Nel 1952 ricevette il Premio Nobel per la Pace, con i proventi del quale fece costruire un intero villaggio per ospitare i malati di lebbra. In questa vicenda, così estesa nel tempo e piena di valori, possiamo tuttavia scegliere un momento centrale e significativo che può guidare ogni medico nel proprio lavoro. In un giorno come tanti, nella foresta tropicale, Schweitzer ricevette una richiesta di aiuto e di intervento. Partì per un viaggio lungo e pericoloso, durante il quale ebbe una sorta di illuminazione:
La sera del terzo giorno, al tramonto, proprio mentre passavamo in mezzo a un branco di ippopotami, mi balzò d’improvviso in mente, senza che me lo aspettassi, l’espressione “reverenza per la vita”. Avevo rintracciato l’idea in cui erano contenute insieme l’affermazione della vita e l’etica (A. Schweitzer, Civiltà ed etica, Edizioni di Comunità. Milano, 1963).

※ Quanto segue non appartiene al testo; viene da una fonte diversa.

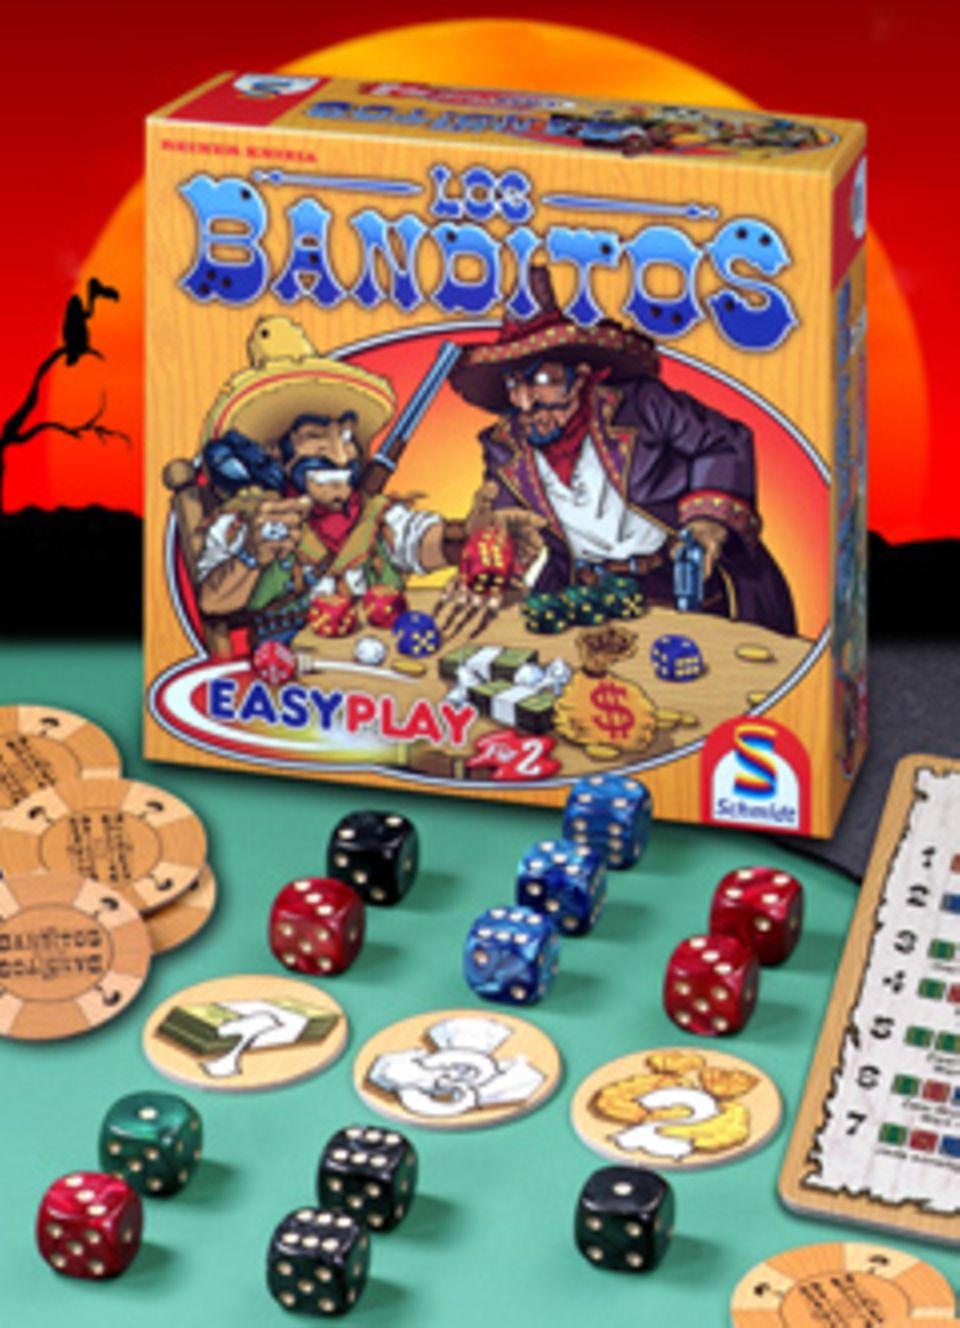 Brettspieltipp: Los Banditos

Non occorre essere santi o perfetti nella ricerca etica, è sufficiente rispettare la vita di tutti gli esseri viventi e trarre da questa scelta una consolazione morale. La riflessione sui valori portanti dell’etica ha un senso solo se spinge ad interrogarsi su sé stessi. Una modesta, ma insostituibile verità da cui partire per una medicina più umana. Un’arte medica che dovrà apprendere nuovamente a riflettere su sé stessa, altrimenti non sarà più tale. Potrebbe diventare qualcosa di diverso, è già qualcosa di diverso.